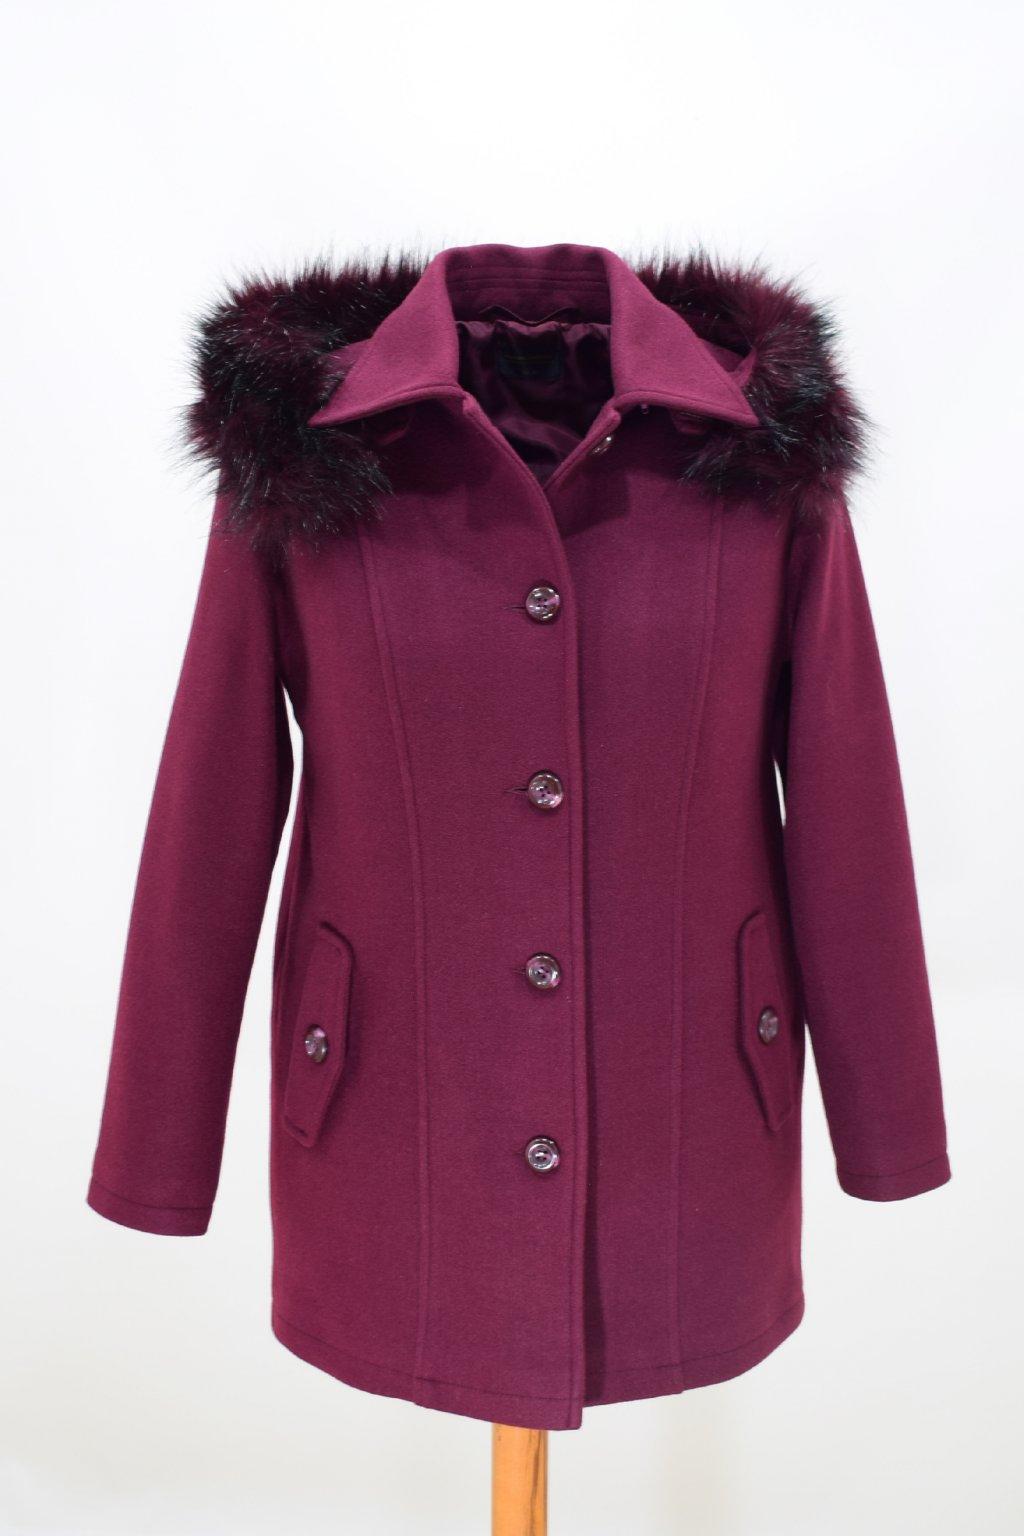 Dámský vínový zimní kabát Alice nadměrné velikosti.
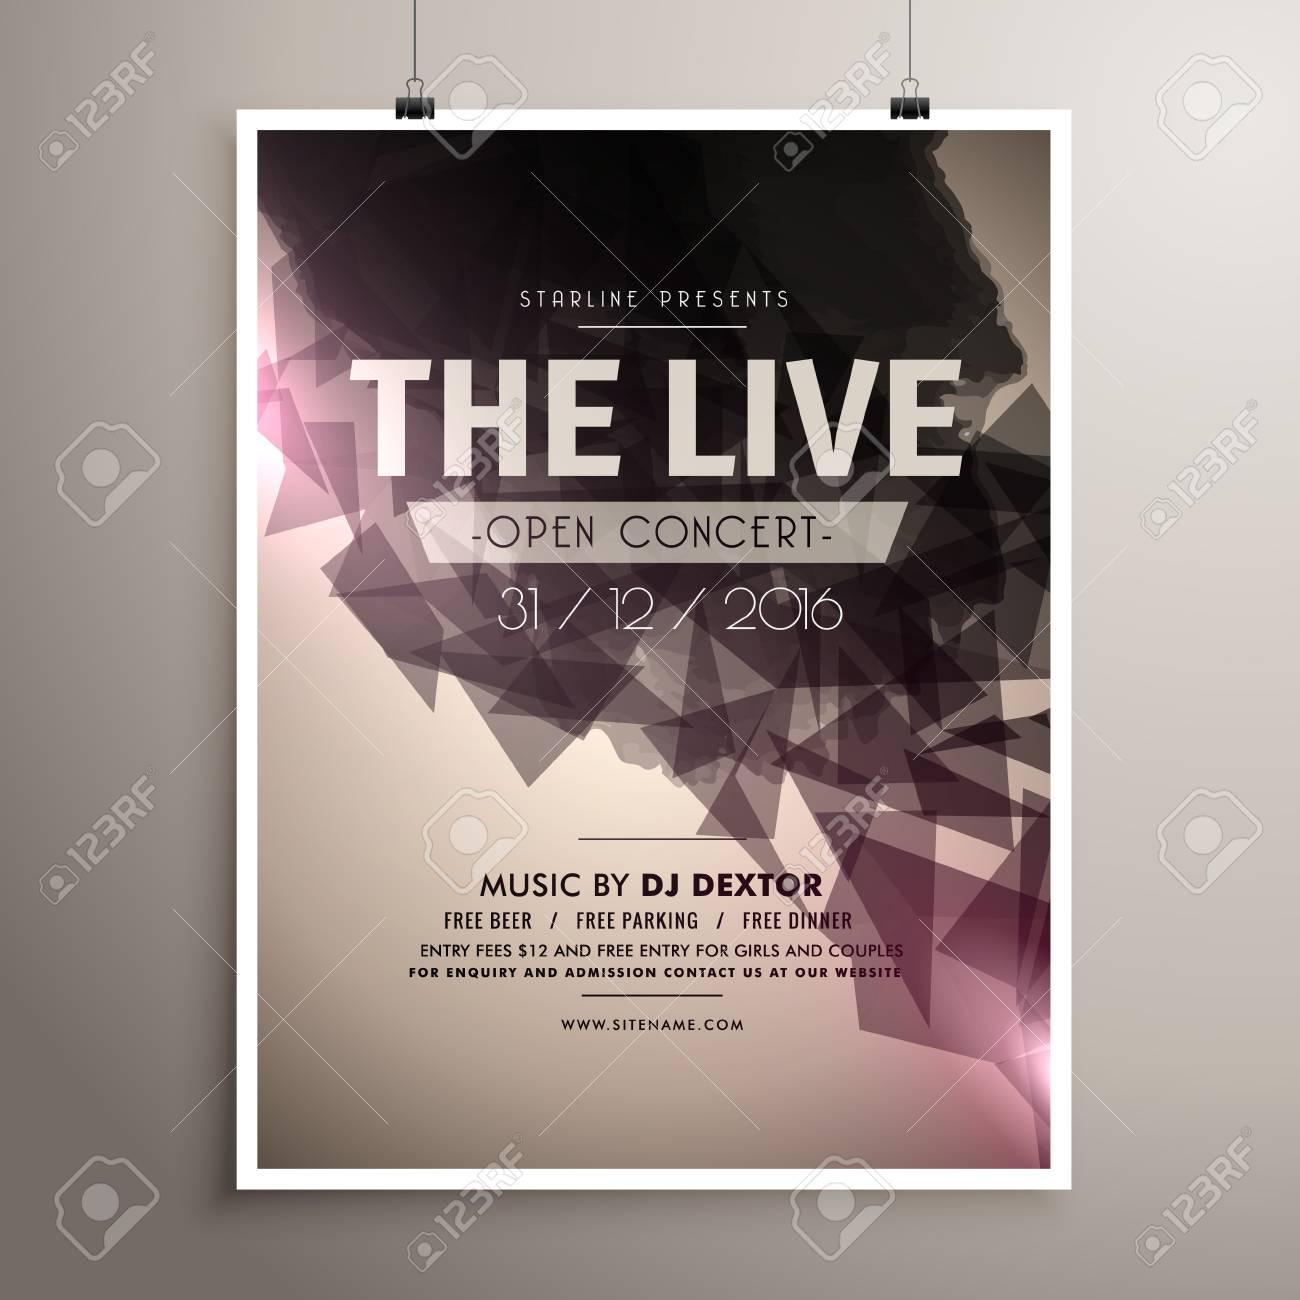 Elegrant Live Concert Music Flyer Brochure Template Stock Vector 66228980
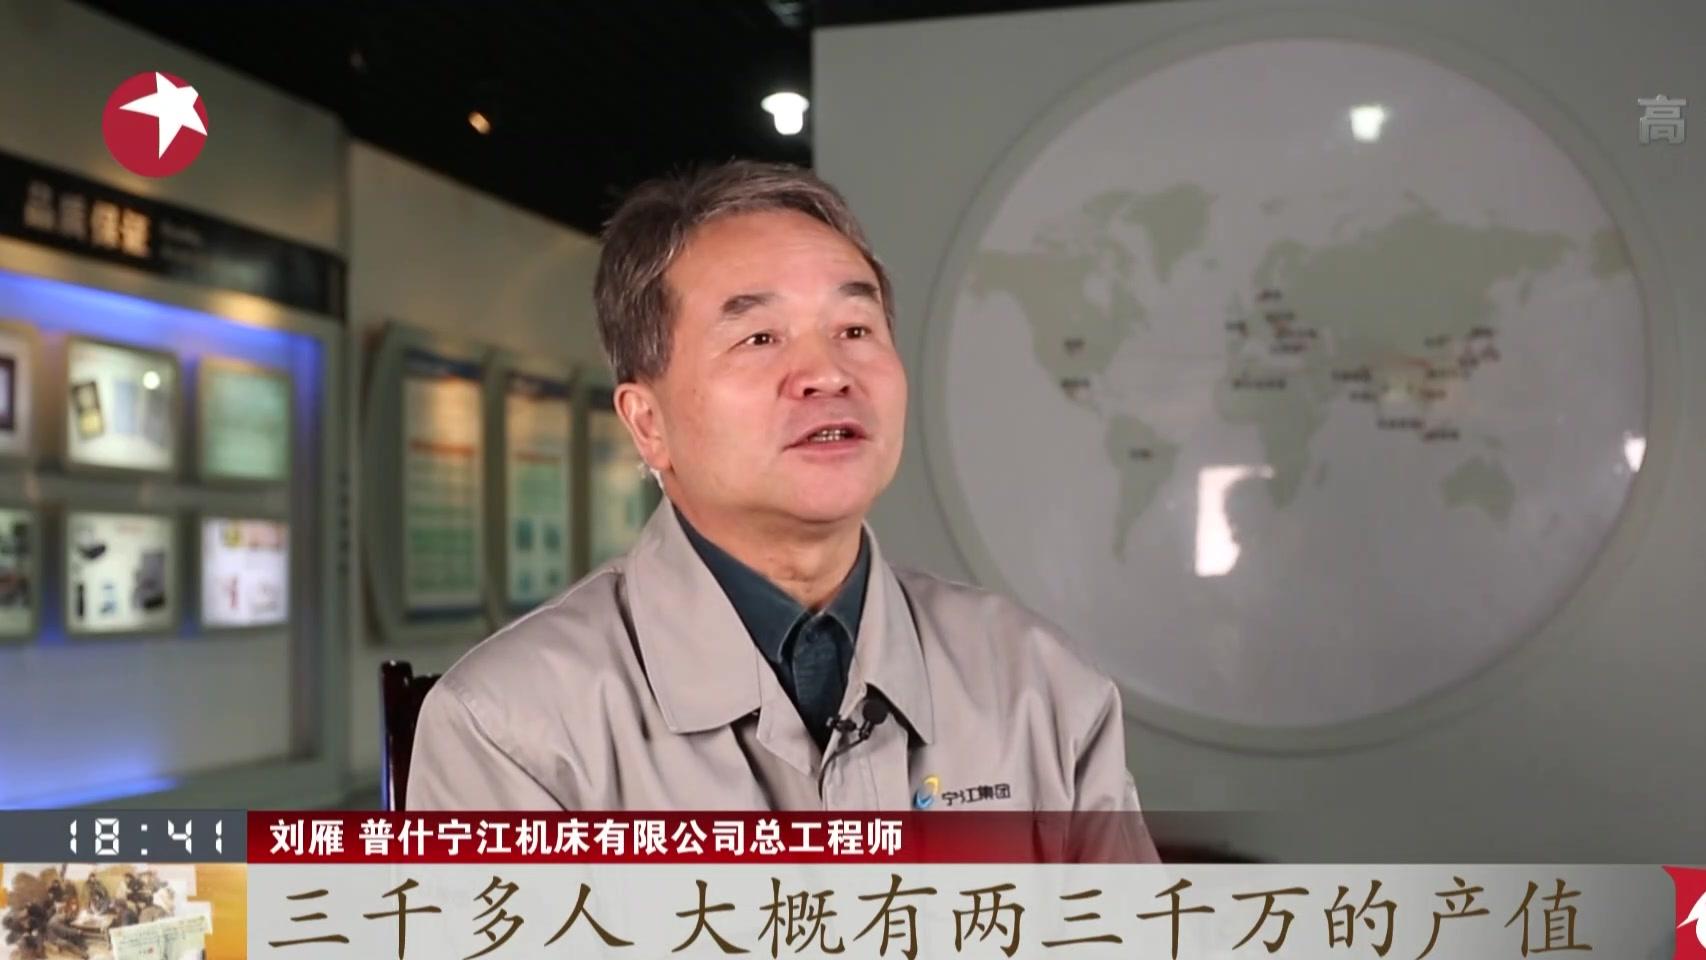 宁江机床厂:改革不停步  迈向国际先进水平

* * * * *

● **About this task**: Restate the data above word for word. Do not include the images.

● **Answer space**:
 Dámský vínový zimní kabát Alice nadměrné velikosti.
 Elegrant Live Concert Music Flyer Brochure Template Stock Vector 66228980
 宁江机床厂:改革不停步  迈向国际先进水平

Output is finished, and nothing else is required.